HeritageNow

The story behind Ipswich RSL sub-branch’s Memorial Window

As the Ipswich community prepares to observe Remembrance Day on Saturday, Ipswich First takes a look at a unique tribute housed in one of the city’s most iconic buildings.

It’s not easy to spot at first glance. From the outside its majesty is all but hidden.

Take a closer look though, from the inside, and it becomes clear Memorial Hall in Nicholas Street is in fact home to one of the most impressive stained-glass windows in Queensland.

Positioned on the second floor, Memorial Window has stood the test of time since it was unveiled on 30 November 1922.

It was designed by renowned painter and stained-glass window artist William Bustard with money for the window raised by Elizabeth Cameron and women of the Ipswich Train Tea Society.

The Train Tea Society was renowned for meeting trains – at all hours of the day and night – that stopped in Ipswich while transporting returned servicemen to Brisbane.

They served free tea and refreshments to the men who were continuing their journey.

What the window depicts

RSL sub-branch museum administrator Mick Corkery said the window paid tribute to the four major units raised in Ipswich during World War I.

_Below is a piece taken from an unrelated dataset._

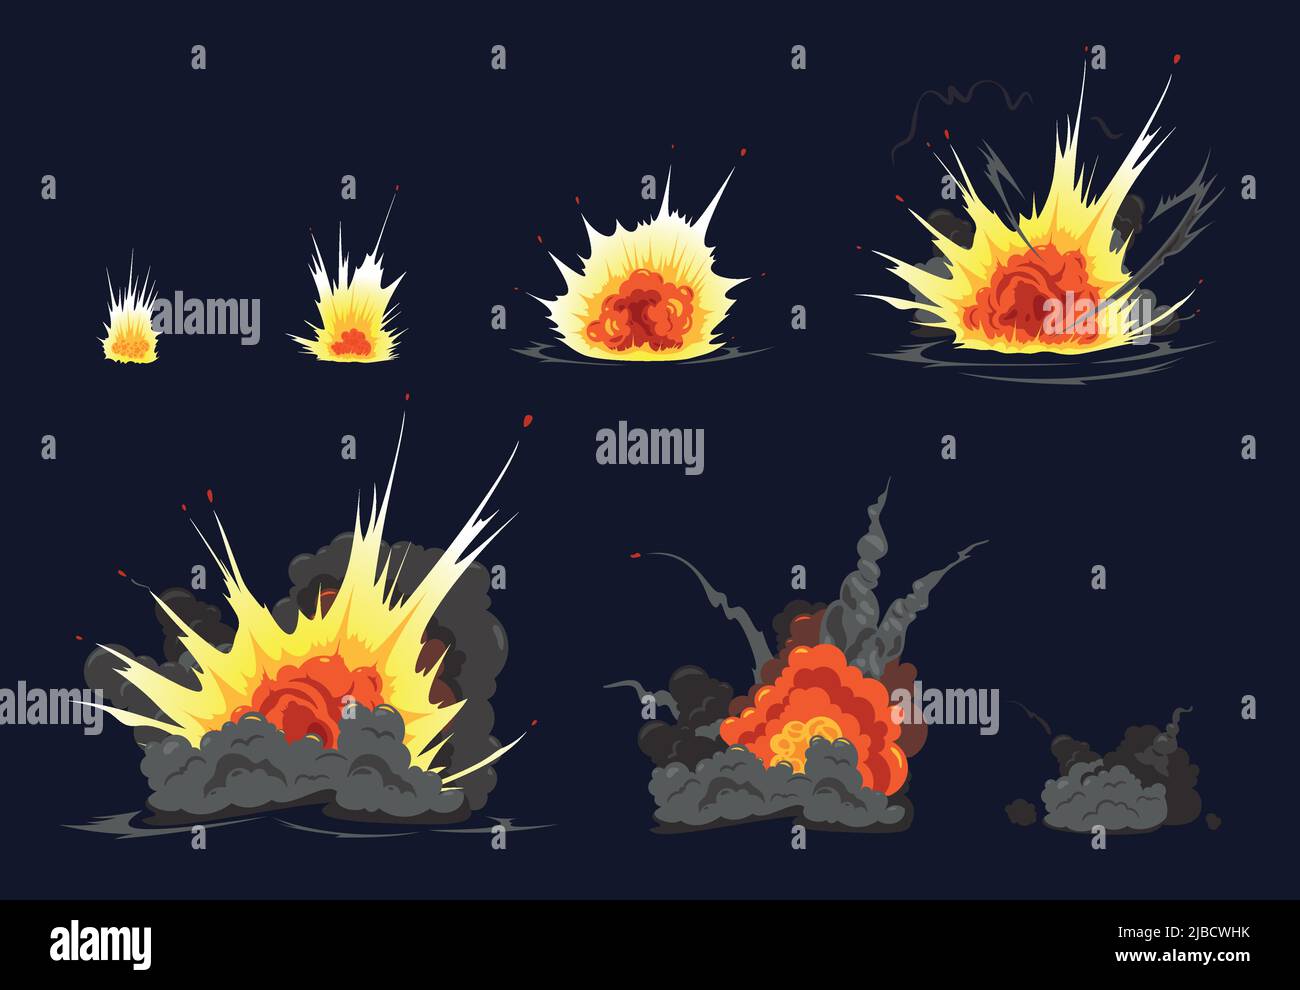 Bomb Explosion Cartoon Animation Comics Streifen Serie mit bunten Feuer Knall Trümmer Wolke schwarzen Hintergrund Vektor Illustration Stock Vektor

It shows St Michael as the Angel of Victory and patron of soldiers with outspread wings embracing four soldiers representing the 9th, 15th and 26th Battalions and the 5th Light Horse.

St Michael is standing on top of the world with a defeated German eagle laying beneath. His hands hold a sheathed sword, representing peace, and a Palm of Victory.

The field of Flanders is shown in the background with scarlet poppies and crosses and there is a band of cherubs. All this is encompassed in a border of grape vine symbolising eternal life.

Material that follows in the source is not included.